Bringing the Cross into our Lives

It is not necessary to seek martyrdom in order to take up our Cross and follow Him (Matthew 16:24; Mark 8:34; Luke 14:27). We can do so through many small mortifications in daily life: hence the great value of fasting and giving up things like sweets and junk food, or for a certain period giving up those foods and drinks which we enjoy the most but can easily replace (e.g. if you like coffee, for mortification have tea.) We have to begin with the body, because the body has so much power over our minds and emotions. It also means to accept suffering without self-pity. To accept whatever grief comes our way in the hope of transformation by the grace of God.

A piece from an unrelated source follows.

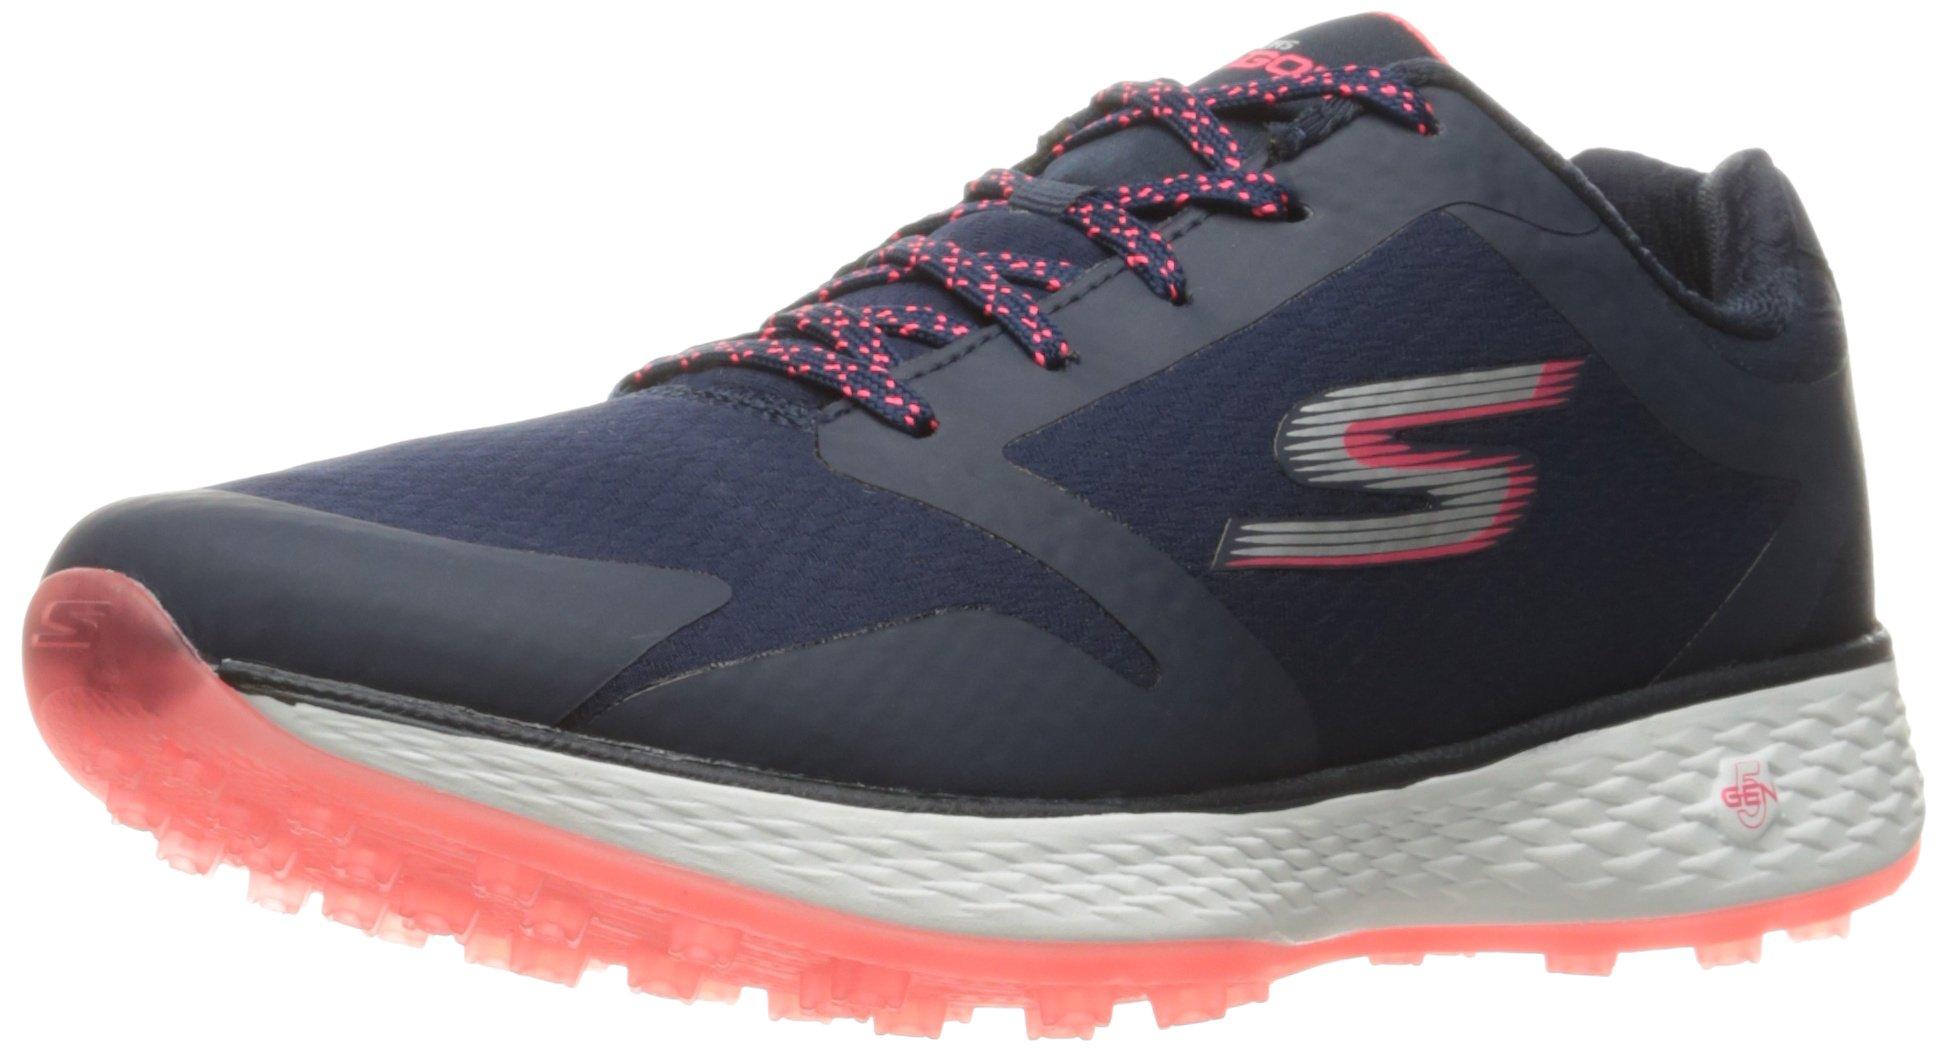 Skechers Performance Women's Go Golf Birdie Golf Shoe,Pink/Navy,7.5 M US

The Way of the Cross takes on a new dimension when we work against our self-will, our desire to dominate, to our own way, our pride and vanity. We all suffer from impatience, and yet it is necessary, if we are to make any progress in the spiritual path, to learn patience. I will refer to a vision which was vouchsafed to an English mystic, John Bennett on 27 March 1959. “I became aware of Jesus on the Cross and was raised up and entered into His body, and looked through His eyes on the maddened and uncomprehending crowd below. I became aware of the dreadful stench and of swarms of flies over the Body. Everything in me was outraged and disgusted. There was no mercy anywhere; nothing clean. And I knew that Jesus was aware of it all and infinitely more: of all human uncomprehendingness stretching away and away in time and place. I was aware also of the immensity of the love that could see all and forgive all. … Then I fell into a kind of unconsciousness in which everything became remote, and out of the darkness a brilliant light emerged, growing brighter and more and more glorious. In this radiance I was aware of the Other Nature of Christ; the glorious Divine Nature, untouched by anything that exists. Gradually the radiance rose higher and higher above me, and I was left behind. I became myself again, wondering what might be the meaning of what I had lived through. I understood that I must learn to live with the reality of the Christian beliefs, and to accept that there is here a mystery that the mind of man never can and never will penetrate.” Witness, 277.